Source data:
————————
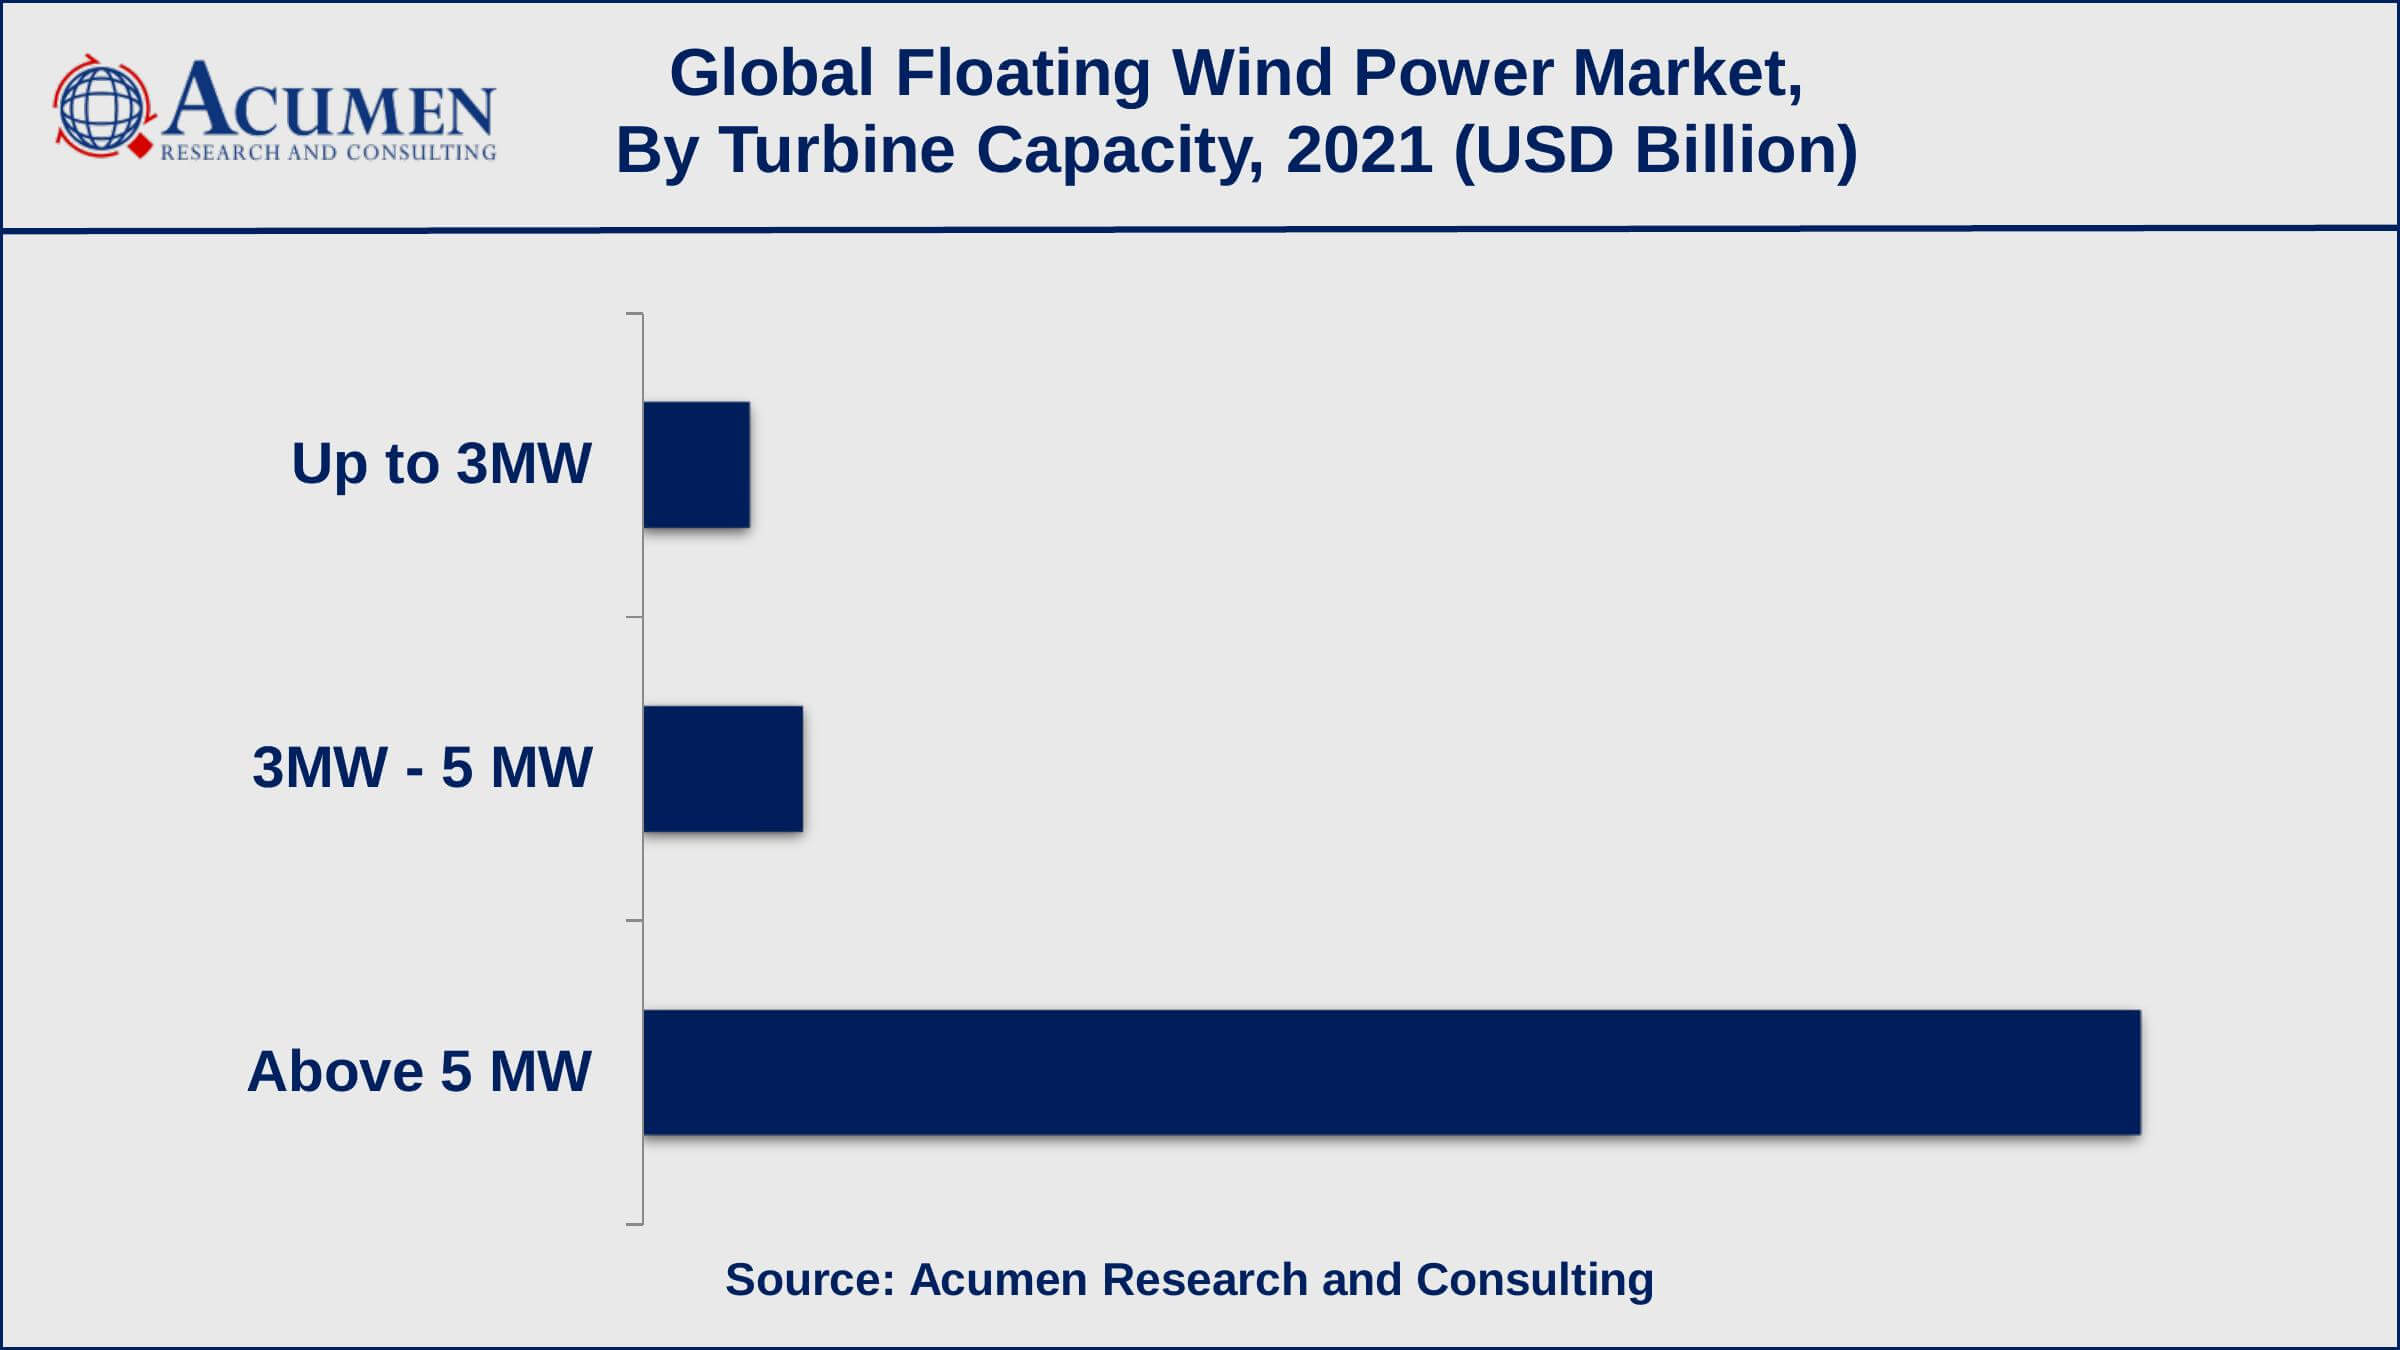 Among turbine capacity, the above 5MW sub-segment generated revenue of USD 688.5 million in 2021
————————
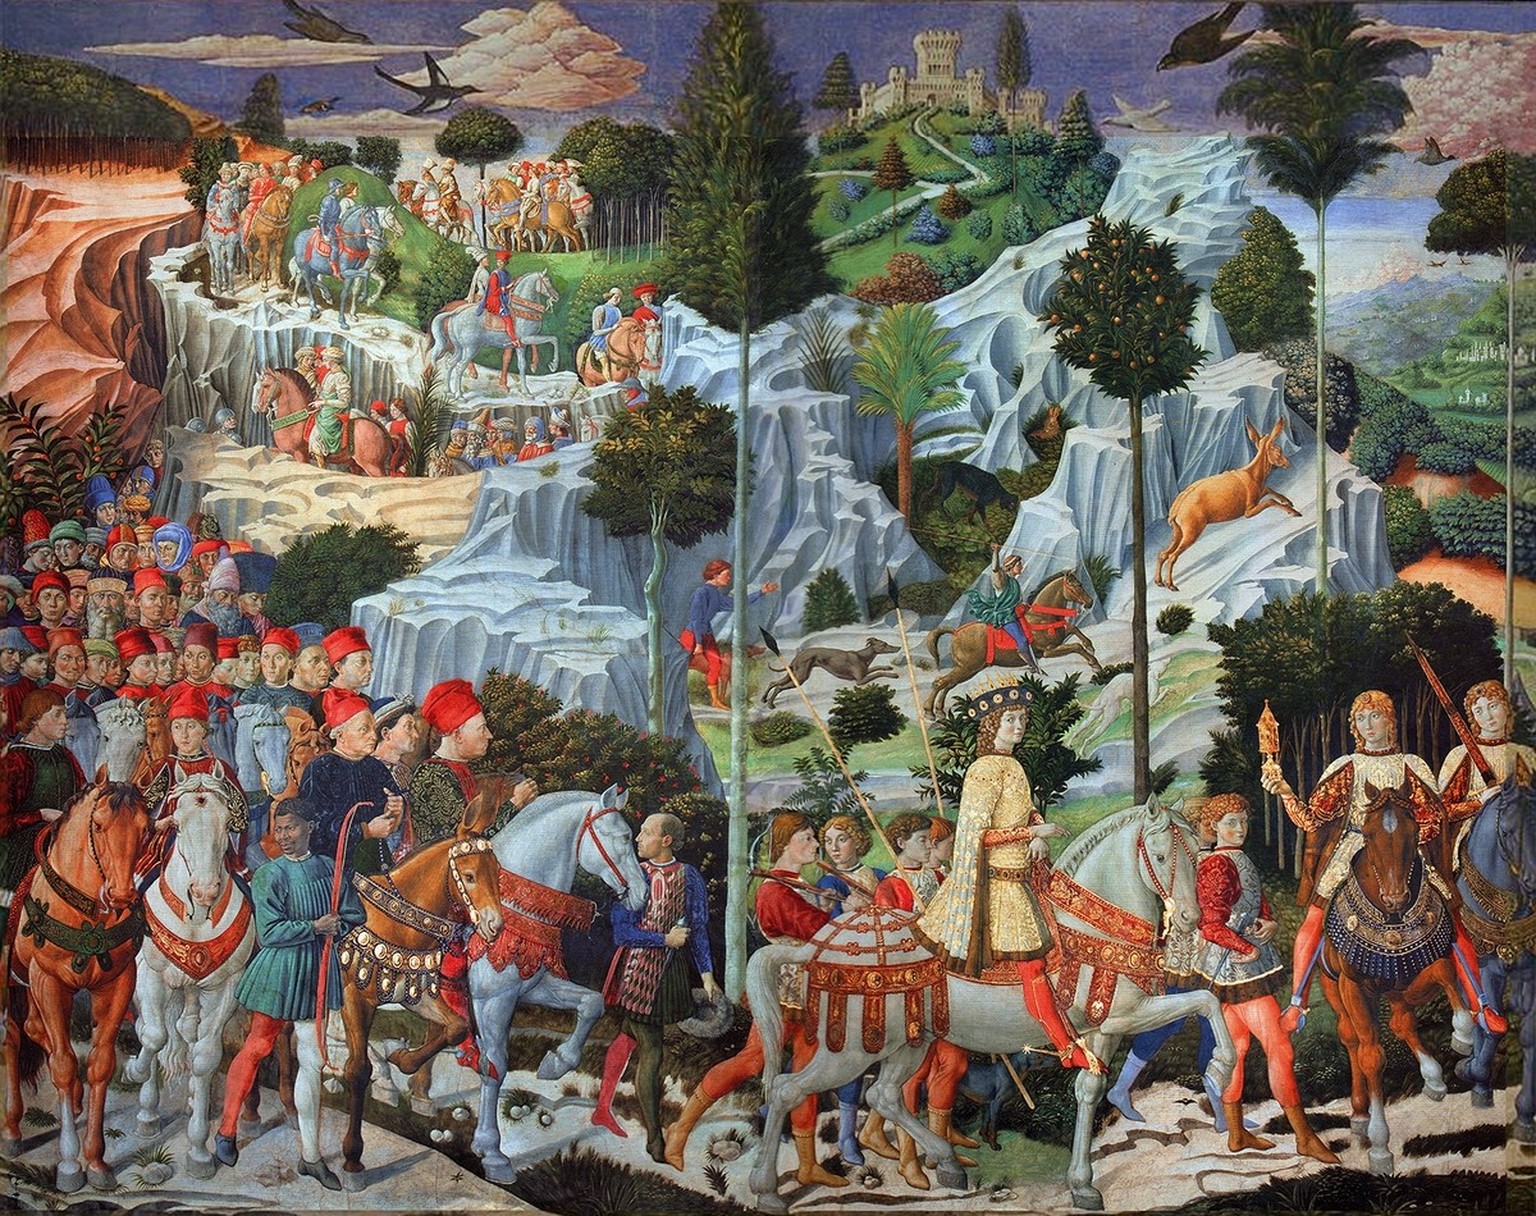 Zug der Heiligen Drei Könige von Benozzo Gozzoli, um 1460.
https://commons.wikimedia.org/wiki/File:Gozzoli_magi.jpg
————————
Directions: In the entries above, find the line containing "Zug der Heiligen" and the line containing "https://commons.wikimedia.org/wiki/File:Gozzoli_magi.jpg"; give again exactly those two lines and every line between them, minus the pictures.

Answer to this exercise:
 Zug der Heiligen Drei Könige von Benozzo Gozzoli, um 1460.
https://commons.wikimedia.org/wiki/File:Gozzoli_magi.jpg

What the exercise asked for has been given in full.